As part of FaSCiNATe at the MRF, the following pieces of scientific equipment are now available: the in-situ heating stage and optics upgrades for the X-ray Diffractometer (XRD); the in-situmicro-mechanical test stage for the SEM or PFIB (for testing at room temperature up to 1000 °C); and we are open for pilot projects using the high-resolution vacuum Differential Scanning Calorimeter (DSC) on non-radioactive samples.
As well as the MRF's Plasma Focused Ion Beam (PFIB), upgrades to the existing Gallium Focused Ion Beam (GaFIB) are also available. The GaFIB upgrades include an Electron Back Scatter Diffraction (EBSD) detector, for site-specific sample preparation as well as monitoring of sample position during preparation, plus a cryo-stage enabling low-temperature milling to prevent artefacts during sample preparation. The cryo-stage includes a vacuum-transfer system for protective transfer of air-sensitive samples to other facilities. The PFIB is being commissioned for use with radioactive samples and was available as such for call 13 and the Larger Projects Competition, and the GaFIB upgrades were ready for use with radioactive samples in these calls.
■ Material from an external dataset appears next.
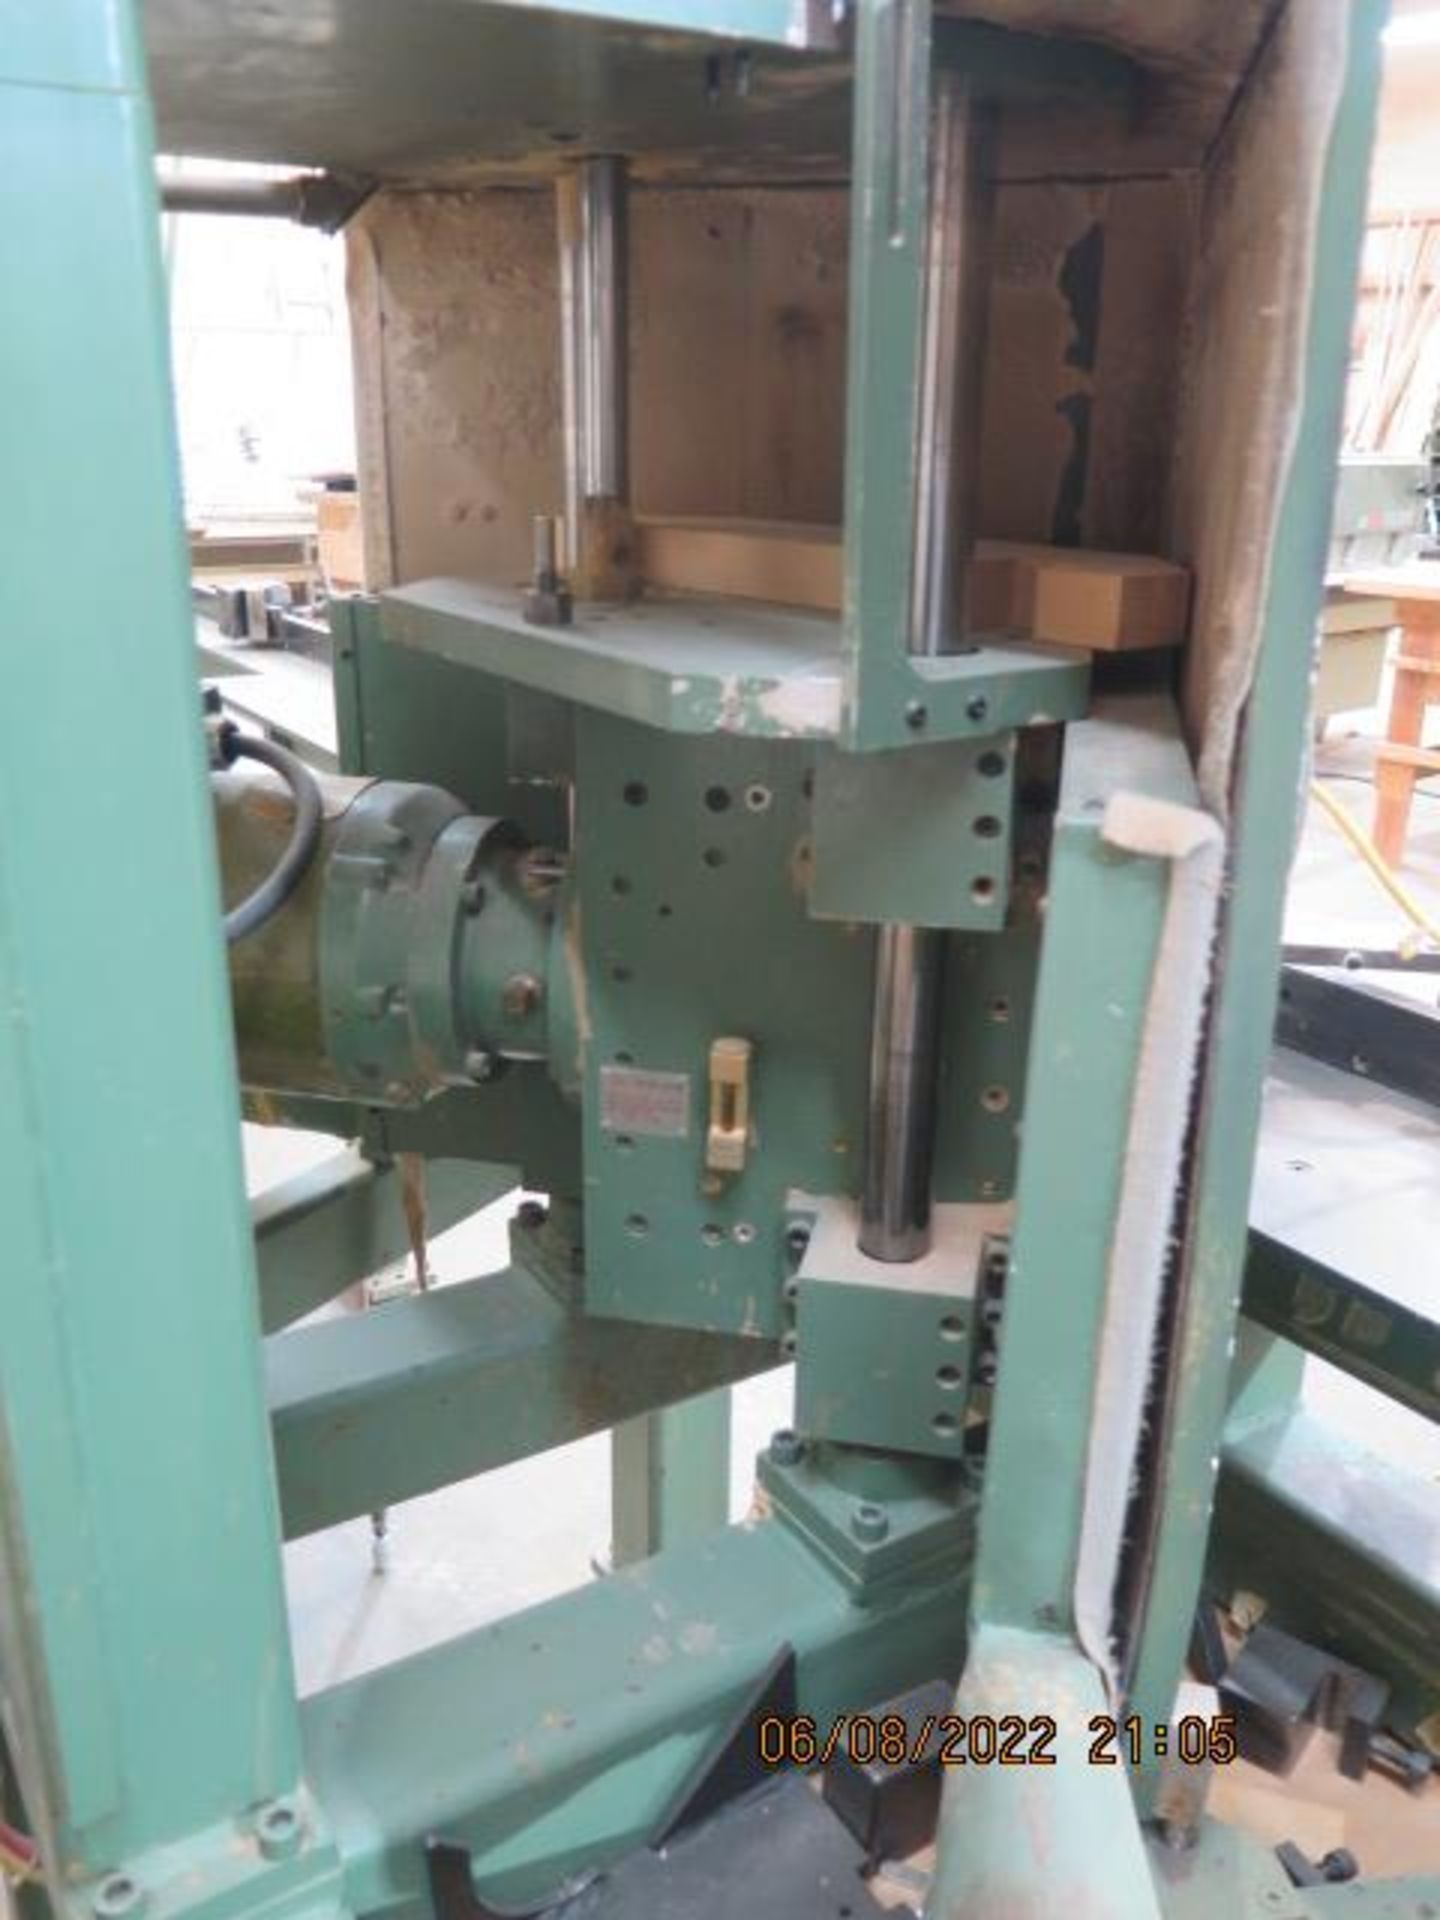 Cimmco DM100 Miter-Cut Saw s/n 8001 w/ Pneumatic Clamping and Feed, Fence System, SOLD AS IS - Image 6 of 10

Project lead: Dr. Steven Van Boxel
The UKAEA’s Materials Research Facility (MRF Brochure) at Culham in Oxfordshire specialises in processing and analysing radioactive materials, to support research in fission, fusion and particle accelerator design. We can take material that is far too radioactive for a university laboratory but does not need to be handled at a nuclear licensed site. The MRF has been funded by EPSRC, through the NNUF and Henry Royce Institute initiatives, as well directly by Government.
The materials inside both fission and fusion reactors face a unique combination of high temperatures and fast-moving neutrons. Developing materials that can survive for long periods in these conditions is therefore a high priority for the nuclear industry. Data from MRF helps researchers understand the properties of materials for:
• Existing nuclear power stations and designs for future, more efficient power stations
• Fusion reactors
• Particle accelerators – for targets and other components that operate in an extreme environment.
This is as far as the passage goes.